Insights

IRS Budget Cuts Could Result in Businesses Engaging
in More Aggressive and Questionable Tax Mitigation Strategies

A series of budget cuts at the Internal Revenue Service has led to relatively little funding being designated for increasing IRS tax audits, even though audits and examinations more than pay for themselves.  The IRS is auditing fewer tax returns from corporations because it has fewer people and resources available to identify potential errors and follow up on questionable tax returns. Instead, especially since the passage of the Tax Cuts and Jobs Act at the end of 2017, Congress has appropriated more funding for the IRS to implement the new tax law, as well as deal with issues such as taxpayer identity theft, taxpayer service and computer modernization.

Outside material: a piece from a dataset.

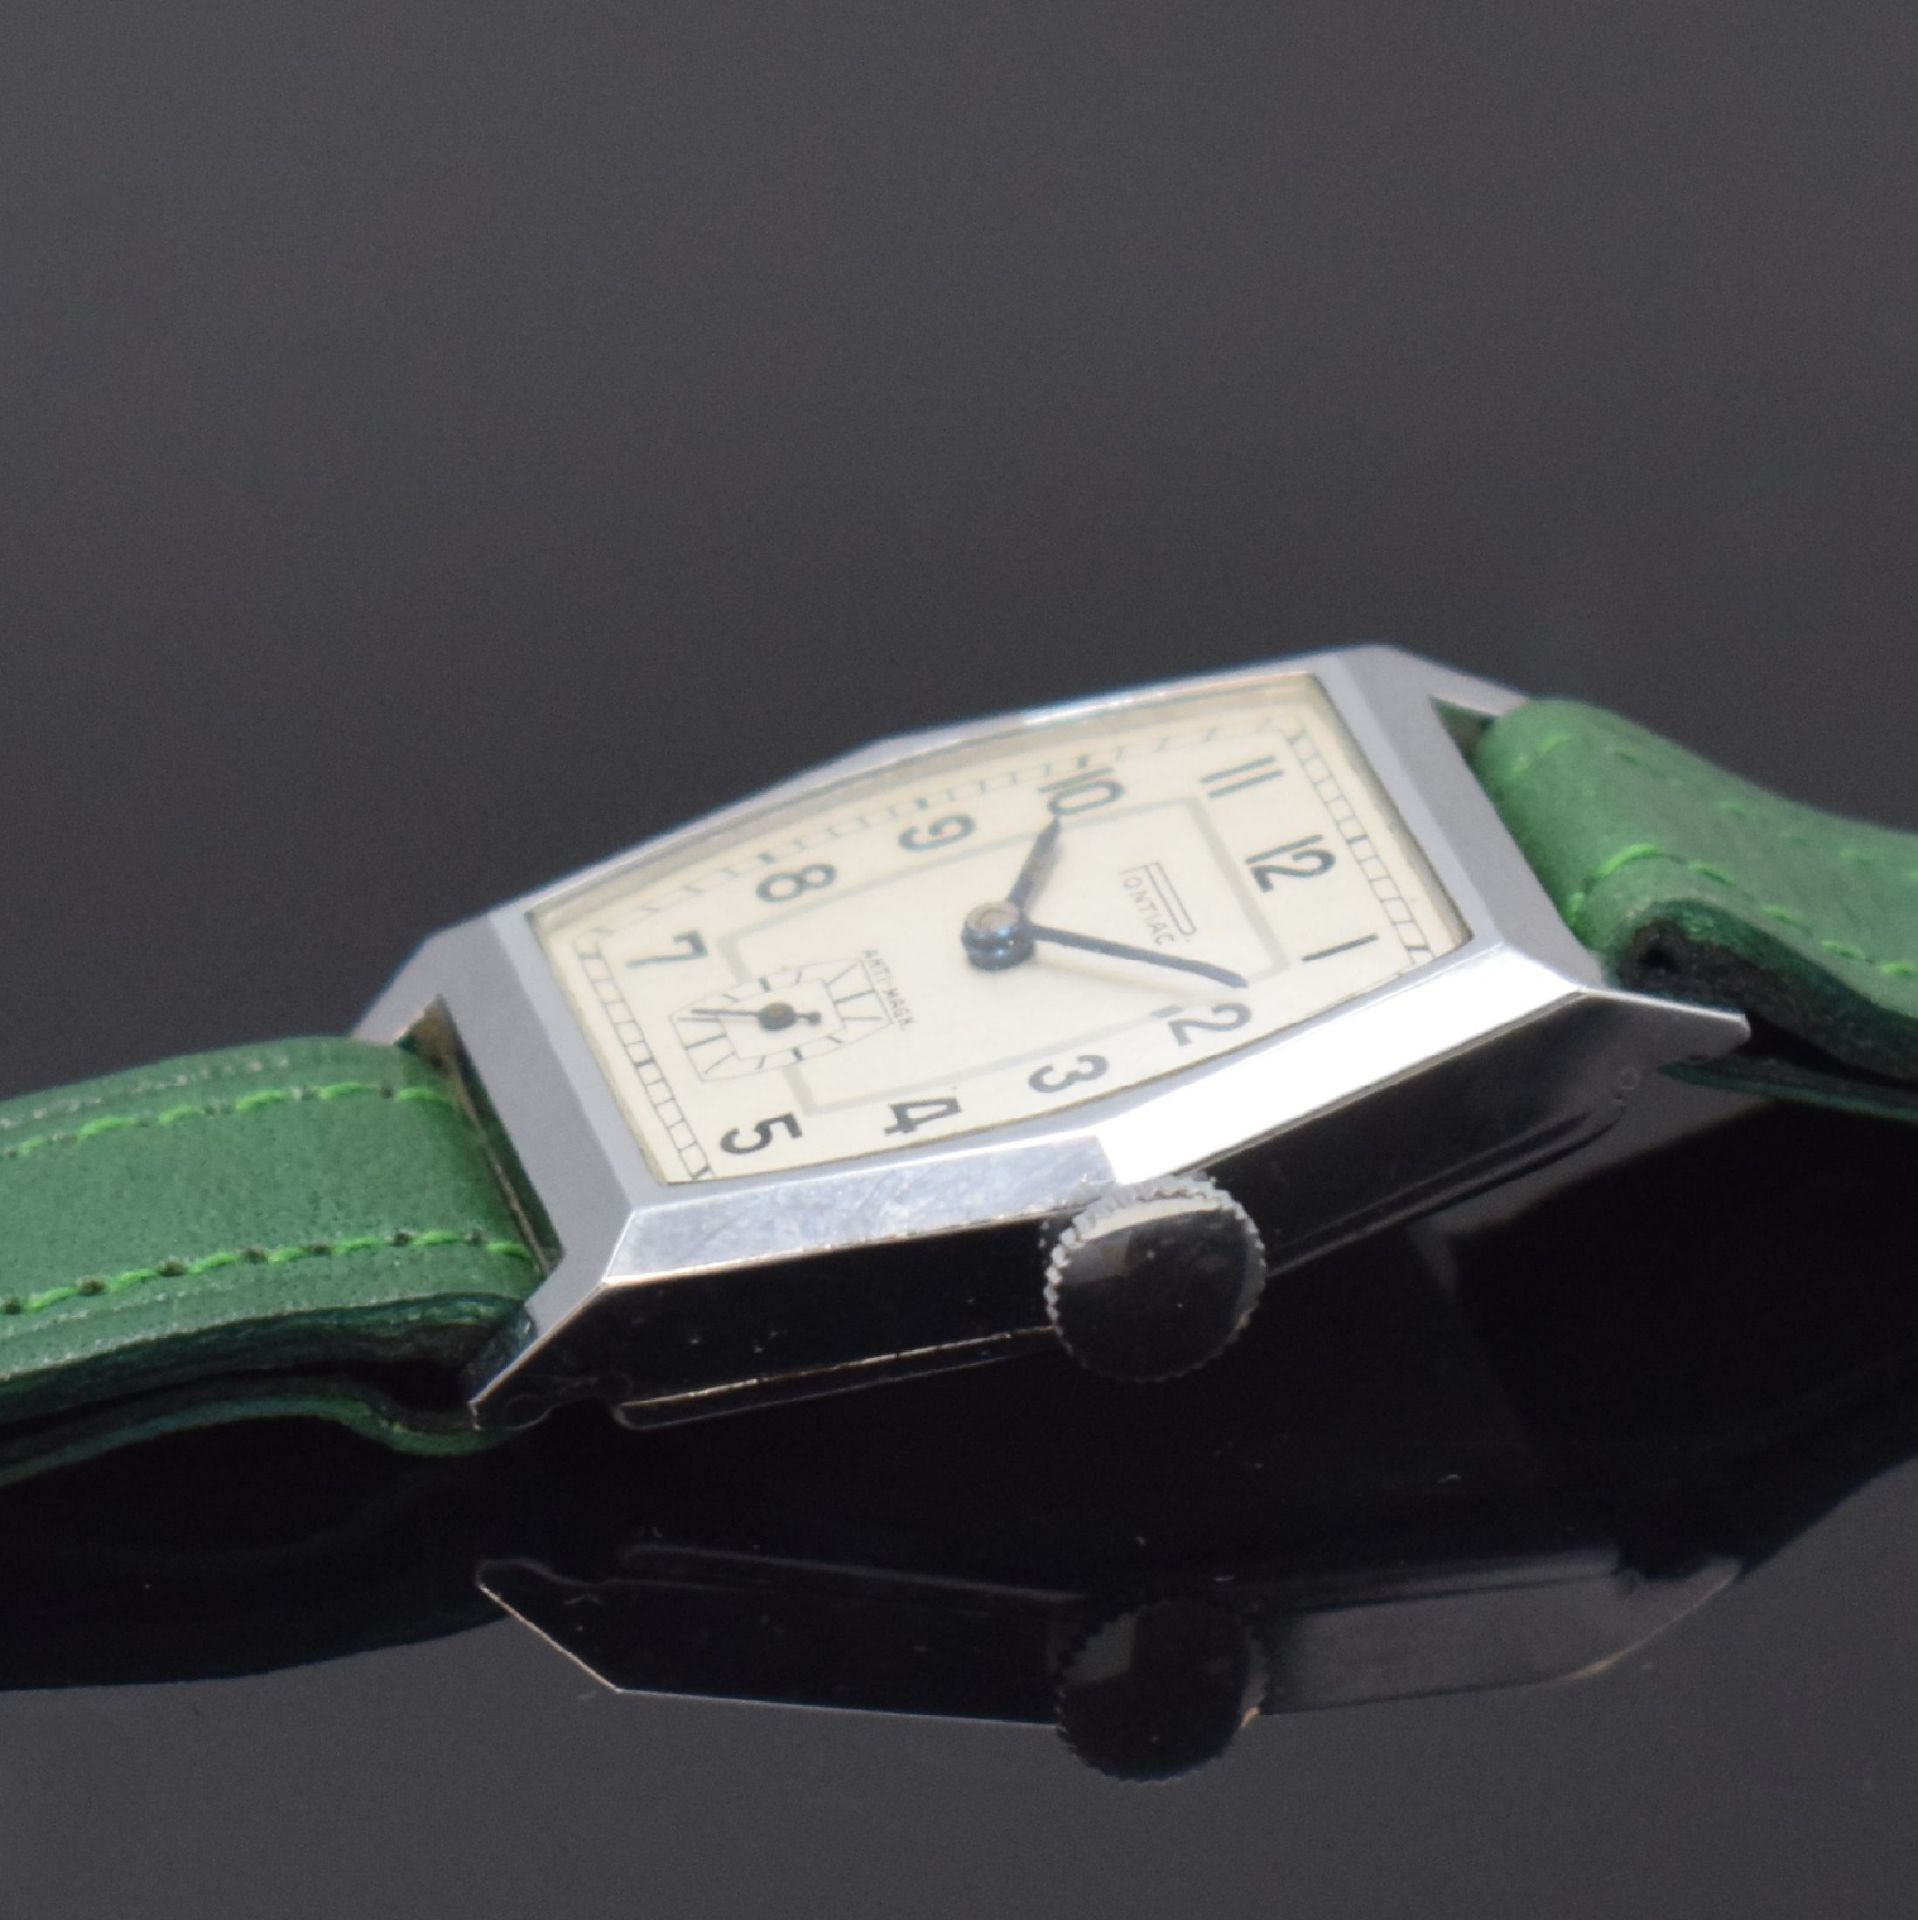 PONTIAC 2 verchromte Armbanduhren, Schweiz um 1940, - Image 10 of 13

When adjusted for inflation, the 2019 IRS budget of $11.3 billion is less than in 2000 and 19 percent beneath its highest level of funding in 2010, according to the Government Accountability Office. The agency now has 21 percent fewer employees than it did eight years ago. Meanwhile, the number of examiners has declined by 38 percent since 2010.

We anticipate that the above conditions will only get worse as the IRS faces further resource constraints as a result of the new responsibilities of implementing not only the Tax Cuts and Jobs Act, but also the more recent Taxpayer First Act, which promises to reform many of the practices of the IRS, including the appeals process.

Because the IRS is fundamental in preventing businesses from engaging in transactions that significantly reduce their tax liability the above new could result in businesses engaging in more aggressive and questionable tax mitigation strategies than in the past and also result in an increase in businesses engaging in fraudulent transactions as a way of substantially reducing their tax obligations.